Each line from the one containing "Cvr DJ Professional" through the last line of the entries below is to be transcribed exactly. Nothing else belongs in the reply.

# Data excerpts
=== Section Start ===

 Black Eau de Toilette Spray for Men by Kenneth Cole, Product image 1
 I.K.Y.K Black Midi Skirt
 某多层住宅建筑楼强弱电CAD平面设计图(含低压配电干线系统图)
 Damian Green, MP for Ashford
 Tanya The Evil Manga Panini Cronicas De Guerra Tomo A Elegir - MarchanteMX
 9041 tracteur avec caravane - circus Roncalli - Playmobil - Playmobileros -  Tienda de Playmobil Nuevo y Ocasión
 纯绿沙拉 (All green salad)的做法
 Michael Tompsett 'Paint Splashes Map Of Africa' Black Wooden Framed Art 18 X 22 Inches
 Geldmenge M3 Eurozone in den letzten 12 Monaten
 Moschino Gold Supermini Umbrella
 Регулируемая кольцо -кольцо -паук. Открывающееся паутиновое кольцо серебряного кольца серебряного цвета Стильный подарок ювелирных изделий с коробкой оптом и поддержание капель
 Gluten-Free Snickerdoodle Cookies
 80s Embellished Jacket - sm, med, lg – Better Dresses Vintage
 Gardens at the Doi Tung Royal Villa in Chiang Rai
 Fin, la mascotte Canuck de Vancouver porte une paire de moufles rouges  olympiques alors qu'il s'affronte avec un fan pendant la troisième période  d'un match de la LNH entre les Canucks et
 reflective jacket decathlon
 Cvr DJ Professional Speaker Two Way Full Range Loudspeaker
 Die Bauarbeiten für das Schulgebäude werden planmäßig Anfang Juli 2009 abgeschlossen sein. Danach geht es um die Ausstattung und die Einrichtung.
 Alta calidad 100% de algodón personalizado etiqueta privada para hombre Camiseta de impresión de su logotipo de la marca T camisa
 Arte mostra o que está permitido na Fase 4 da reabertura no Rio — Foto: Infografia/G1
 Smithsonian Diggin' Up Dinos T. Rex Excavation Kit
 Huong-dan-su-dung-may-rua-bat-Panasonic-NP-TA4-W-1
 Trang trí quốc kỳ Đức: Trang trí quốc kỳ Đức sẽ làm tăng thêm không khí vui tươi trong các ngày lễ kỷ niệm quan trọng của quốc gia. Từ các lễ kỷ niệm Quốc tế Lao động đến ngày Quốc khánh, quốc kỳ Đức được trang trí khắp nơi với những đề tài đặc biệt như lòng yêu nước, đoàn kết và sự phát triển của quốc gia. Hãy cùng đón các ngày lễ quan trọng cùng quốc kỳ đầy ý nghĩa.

=== Section End ===

# Solution
 Cvr DJ Professional Speaker Two Way Full Range Loudspeaker
 Die Bauarbeiten für das Schulgebäude werden planmäßig Anfang Juli 2009 abgeschlossen sein. Danach geht es um die Ausstattung und die Einrichtung.
 Alta calidad 100% de algodón personalizado etiqueta privada para hombre Camiseta de impresión de su logotipo de la marca T camisa
 Arte mostra o que está permitido na Fase 4 da reabertura no Rio — Foto: Infografia/G1
 Smithsonian Diggin' Up Dinos T. Rex Excavation Kit
 Huong-dan-su-dung-may-rua-bat-Panasonic-NP-TA4-W-1
 Trang trí quốc kỳ Đức: Trang trí quốc kỳ Đức sẽ làm tăng thêm không khí vui tươi trong các ngày lễ kỷ niệm quan trọng của quốc gia. Từ các lễ kỷ niệm Quốc tế Lao động đến ngày Quốc khánh, quốc kỳ Đức được trang trí khắp nơi với những đề tài đặc biệt như lòng yêu nước, đoàn kết và sự phát triển của quốc gia. Hãy cùng đón các ngày lễ quan trọng cùng quốc kỳ đầy ý nghĩa.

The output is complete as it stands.